En noviembre de 2025 se dispararon las alarmas cuando la Unión Europea anunció una flexibilización en los objetivos de recorte de emisiones de gases de efecto invernadero, al objeto de satisfacer a los países más escépticos sobre la lucha climática. Sin embargo, la revisión que finalmente aprobó el Consejo de la UE el jueves pasado mantiene el grueso de los objetivos existentes, con pequeños cambios.
Según lo acordado, la Unión Europea debe recortar obligatoriamente sus emisiones de CO2 en un 90 % en 2040 respecto a las existentes en 1990, aunque se permite a los países que puedan cubrir hasta un 5% de ese objetivo comprando créditos de emisión a terceros países fuera de la Unión Europea.

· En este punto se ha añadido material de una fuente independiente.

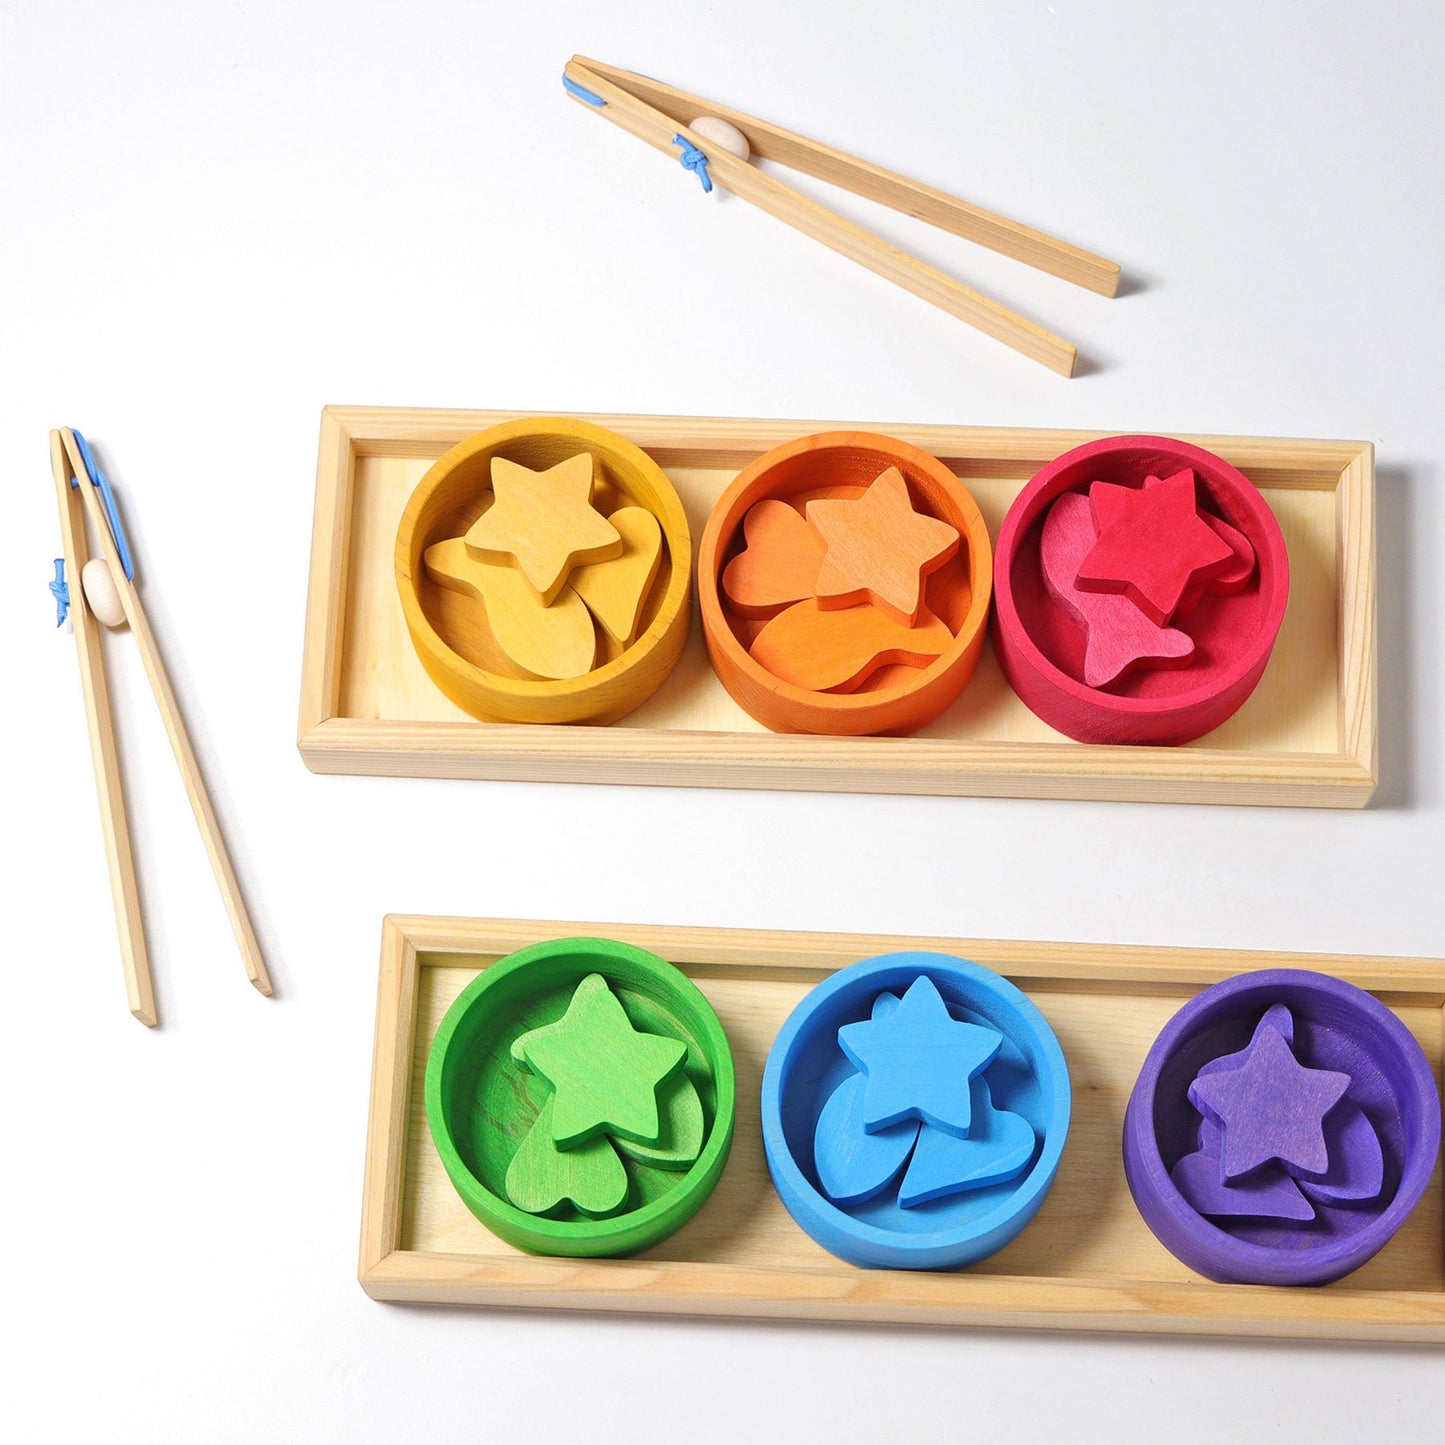 Grimm's Wooden Rainbow Bowls Sorting Game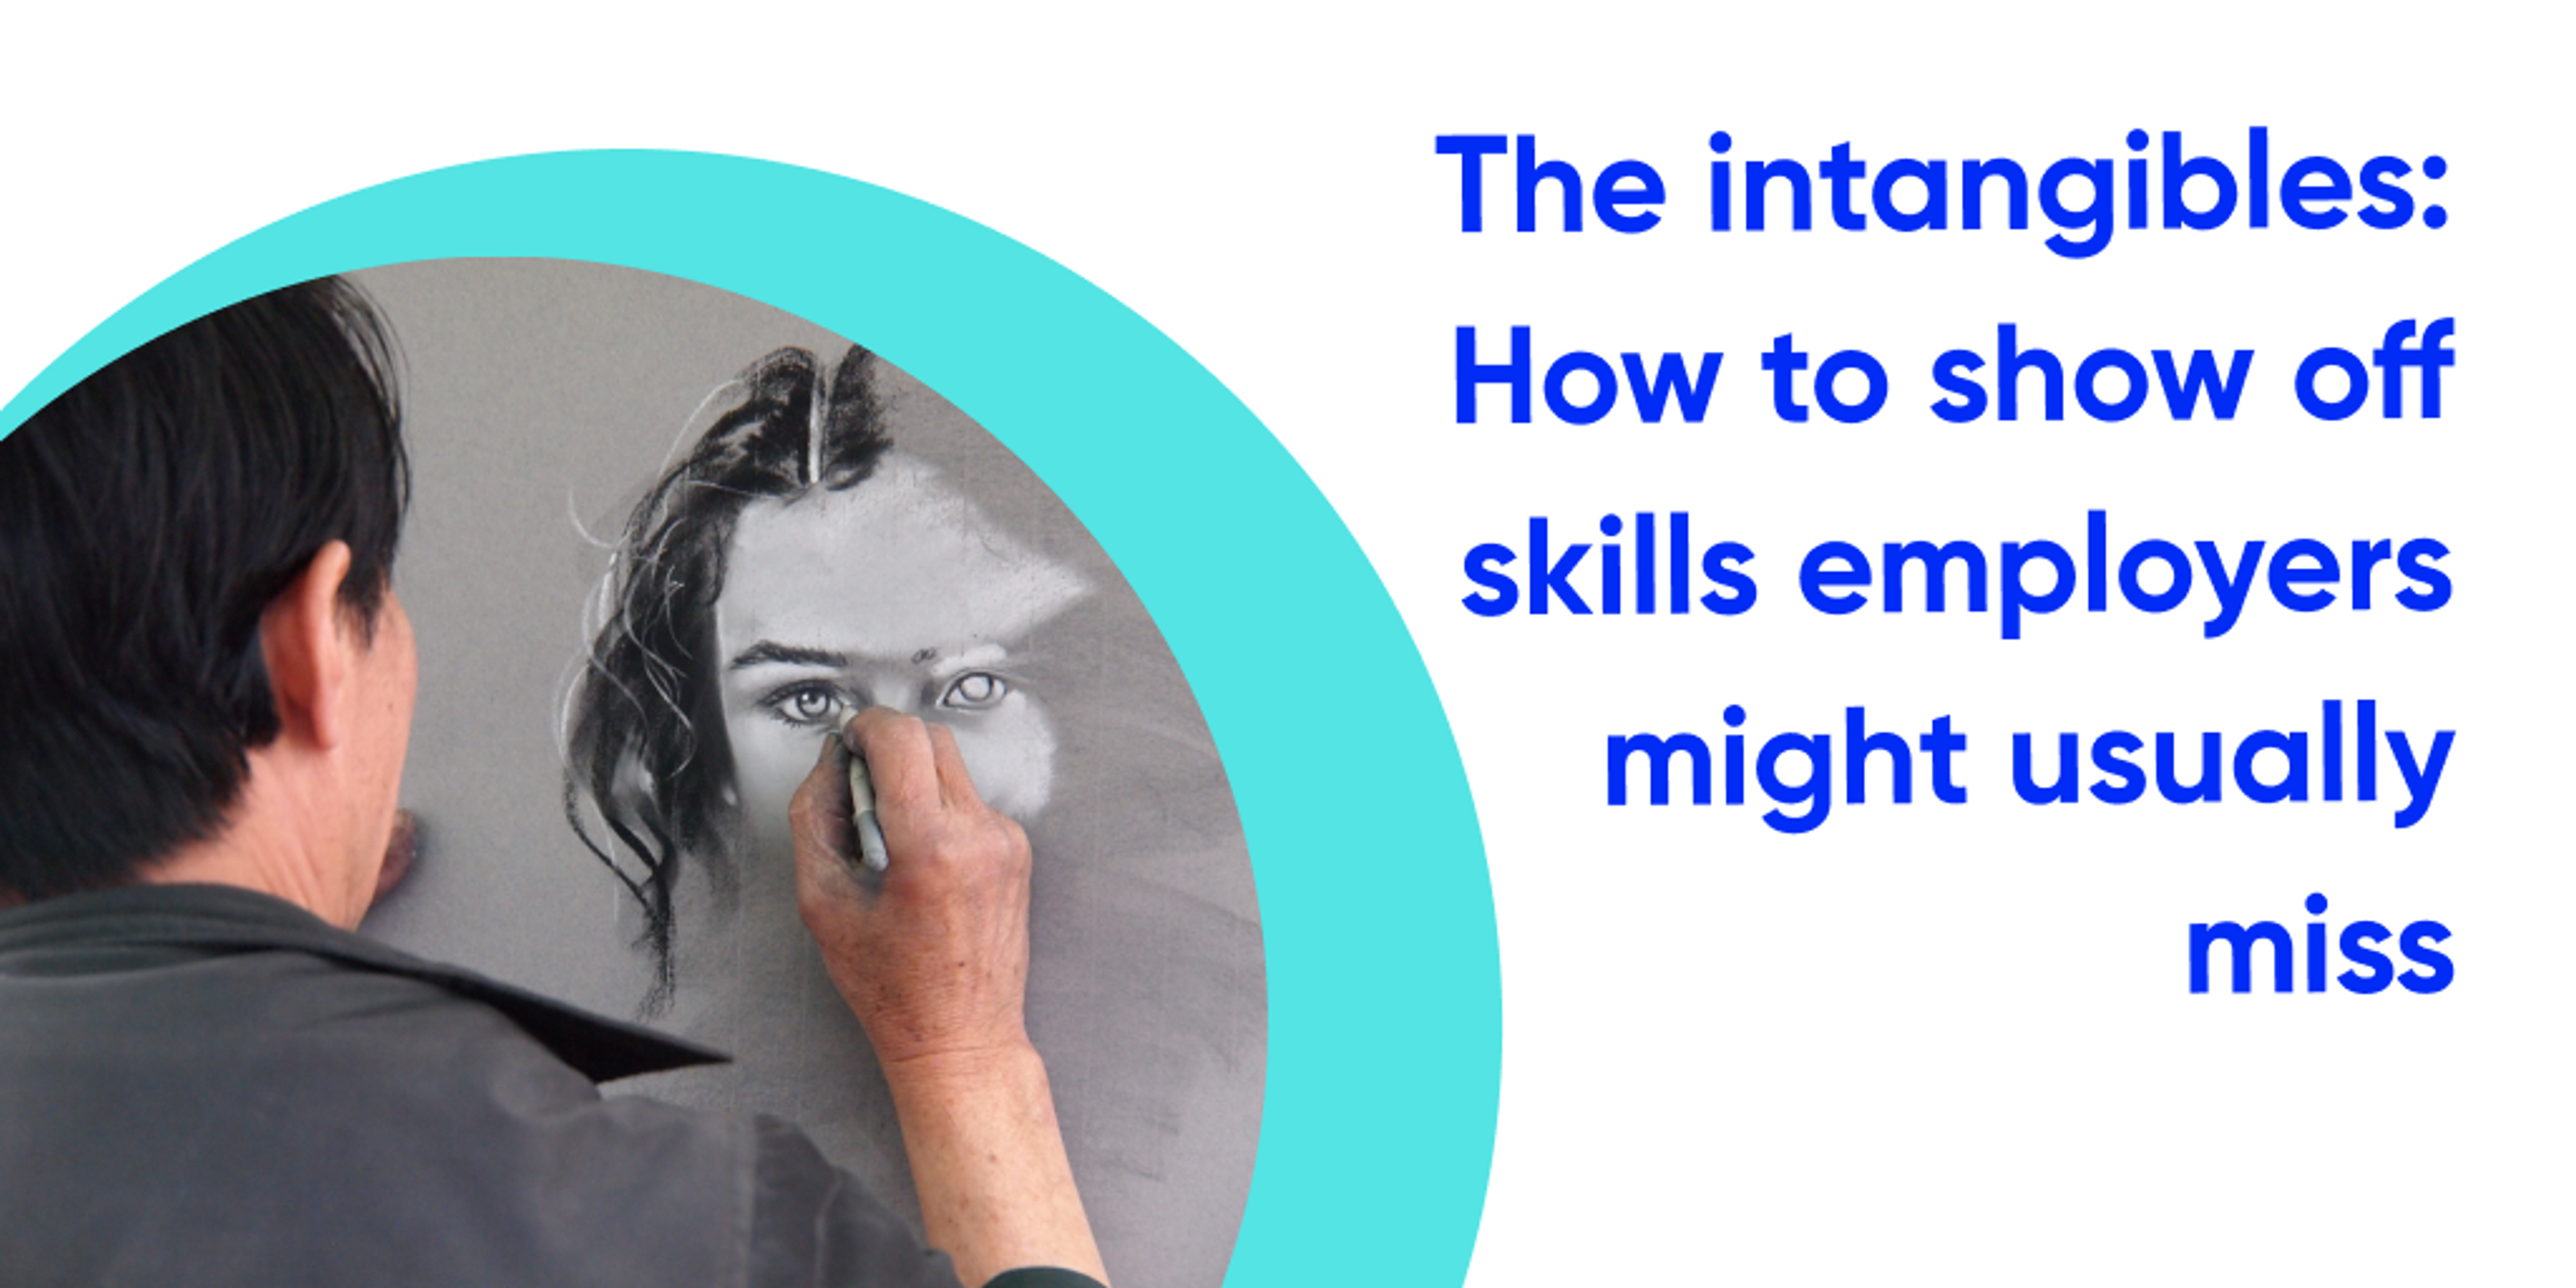 white background with blue text with the image of a person drawing a womans face in charcoal with the heading "The Intangibles: How to Show off Skills Employers Might Usually Miss"

Es decir, ese 5% de reducción no se efectuaría en el interior de la UE, sino mediante compensaciones en otros países.
Del 90% de reducción acordado, solo el 5% podrá hacerse mediante compensaciones en otros países fuera de la UE
El objetivo adoptado, después de que el Parlamento Europeo haya dado también su visto bueno, dará «a la industria, a los ciudadanos y a los inversores la seguridad que necesitan para la transición limpia en la próxima década», afirmó en nombre de la presidencia del Consejo de la UE Maria Panayiotou.
La medida ha recibido el visto bueno de los órganos comunitarios / Agencias
La Ley Europea de Clima establece que la UE debe recortar sus emisiones de gases de efecto invernadero en un 55 % en 2030 respecto a 1990 y continuar el esfuerzo hasta alcanzar la neutralidad climática a mitad de siglo.
El 85% de la reducción ha de ser dentro de la UE
La revisión adoptada este jueves fija, por tanto, un objetivo intermedio para 2040 y permite que, desde 2036, se puedan utilizar créditos internacionales para cubrir hasta cinco puntos de esa reducción.
«Esto significa que al menos el 85 % de la reducción de emisiones deberá lograrse dentro de la UE. Los créditos deberán basarse en actividades creíbles de reducción de emisiones de gases de efecto invernadero en países socios, en línea con el Acuerdo de París», indicó el Consejo en un comunicado.
El de 2040 es un paso intermedio hacia el objetivo de cero emisiones netas para el año 2050 en la UE
El texto también avala que se postergue un año, hasta 2028, la introducción del régimen de comercio de derechos de emisiones ETS2, que se aplicará al transporte rodado y a la climatización de los edificios.
Evaluación bianual de los avances climáticos
Además, la Comisión Europea evaluará cada dos años los avances hacia el objetivo pactado, teniendo en cuenta los datos científicos más recientes, los avances tecnológicos y la situación de la competitividad industrial de la UE.

La UE continúa su senda hacia la descarbonización, pese a algunas flexibilizaciones / Agencias
También analizará las tendencias de los precios de la energía y sus repercusiones tanto para las empresas como para los hogares, y evaluará el estado de las eliminaciones netas en toda la UE en comparación con lo necesario para alcanzar el objetivo de 2040.
Sin embargo, el Ejecutivo podrá proponer modificaciones legales según el resultado de esas verificaciones, lo que podría implicar revisar el objetivo de 2040 o adoptar medidas adicionales para “reforzar el marco de apoyo, para proteger la competitividad, la prosperidad y la cohesión social de la UE”.
El Ejecutivo comunitario debe diseñar ahora las políticas que permitirán alcanzar ese recorte de gases de efecto invernadero a partir de 2030, para lo que la Comisión Europea ya ha abierto dos consultas públicas.
Hay que tener en cuenta que los niveles de dióxido de carbono (CO2) en la atmósfera se dispararon en 2024 y alcanzaron un nuevo récord, lo que augura que el planeta seguirá experimentando un aumento de las temperaturas a largo plazo, indicaba un informe de la Organización Meteorológica Mundial (OMM) presentado el pasado mes de octubre.